Well *that* was replying to the wrong message. :-)
A real reply is below...
> I have problems running large jobs on a PC cluster with OpenMPI
V1.3.
> Typically the error appears only for processor count >= 2048
(actually
> cores), sometimes also bellow.
>
> The nodes (Intel Nehalem, 2 procs, 4 cores each) run (scientific?)
> linux.
> $> uname -a
> Linux cl3fr1 2.6.18-128.1.10.el5 #1 SMP Thu May 7 12:48:13 EDT 2009
> x86_64 x86_64 x86_64 GNU/Linux
>
> The code starts normally, reads it's input data sets (~4GB), does
some
> initialization and then continues the actual calculations. So time
> after that, it fails with the following error message:
>
> [n100501][[40339,1],6][../../../../../ompi/mca/btl/openib/connect/
> btl_openib_connect_oob.c:459:qp_create_one]
> error creating qp errno says Cannot allocate memory
What kind of communication pattern does the application use? Does it
use all-to-all? Open MPI makes OpenFabrics verbs (i.e., IB in your
case) connections lazily, so you might not see these problems until
OMPI is trying to make connections -- well past MPI_INIT -- and then
failing when it runs out of HCA QP resources.
> Memory usage by the application should not be the problem. At this
> proc
> count, the code uses only ~100MB per proc. Also, the code runs for
> lower
> number of procs where it consumes more mem.
>
>
> I also get the apparently secondary error messages:
>
> [n100501:14587] [[40339,0],0]-[[40339,1],4] mca_oob_tcp_msg_recv:
> readv
> failed: Connection reset by peer (104)
This error is likely caused by the first error -- processes fail and
then TCP connections get reset, causing the readv() errors. Perhaps
we should have a better error message for this...

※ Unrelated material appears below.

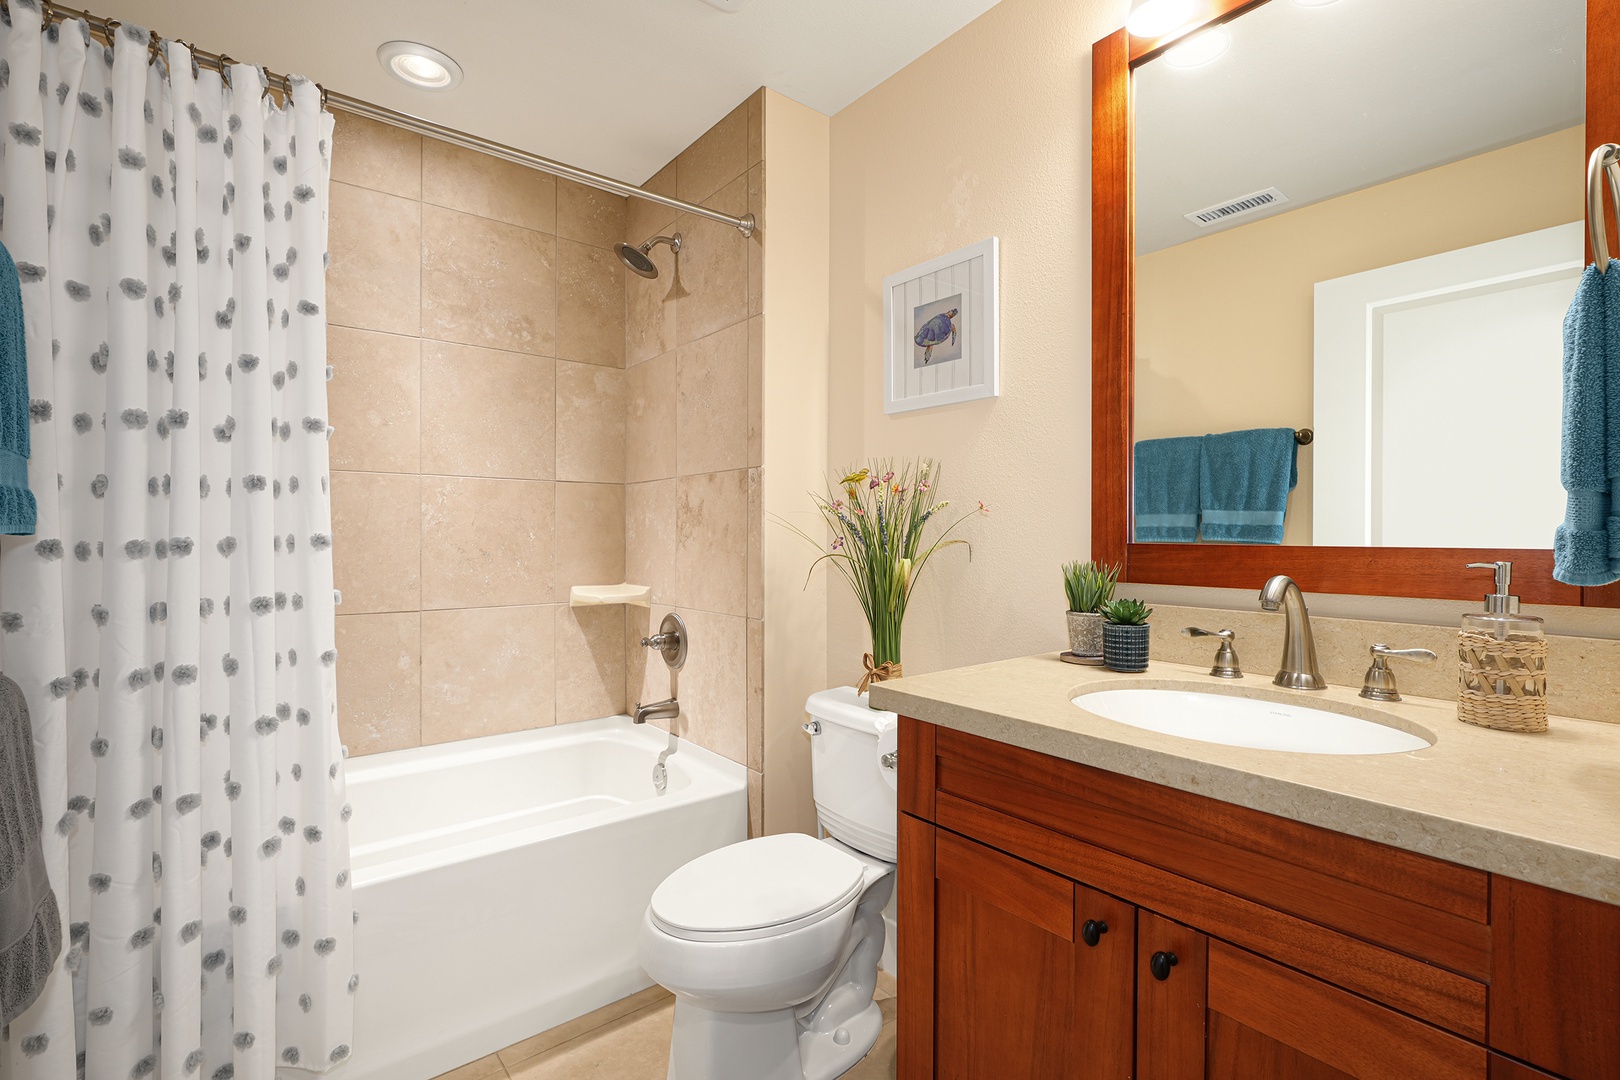 Koloa Vacation Rentals, Pili Mai 7J - Clean and bright bathroom with a full tub, spacious vanity, and plenty of storage.

> The cluster uses InfiniBand connections. I am aware only of the
> following parameter changes (systemwide):
> btl_openib_ib_min_rnr_timer = 25
> btl_openib_ib_timeout = 20
>
> $> ulimit -l
> unlimited
>
>
> I attached:
> 1) $> ompi_info --all > ompi_info.log
> 2) stderr from the PBS: stderr.log
Open MPI v1.3 is actually quite flexible in how it creates and uses
OpenFabrics QPs. By default, it likely creates 4 QPs (of varying
buffer sizes) between each pair of MPI processes that connect to each
other. You can tune this down to be 3, 2, or even 1 QP to reduce the
number of QPs that are being opened (and therefore, presumably, not
exhaust HCA QP resources).
Alternatively / additionally, you may wish to enable XRC if you have
recent enough Mellanox HCAs. This should also save on QP resources.
You can set both of these things via the mca_btl_openib_receive_queues
MCA parameter. It takes a colon-delimited list of receive queues
(which directly imply how many QP's to create). There are 3 kinds of
entries: per-peer QPs, shared receive queues, and XRC receive queues.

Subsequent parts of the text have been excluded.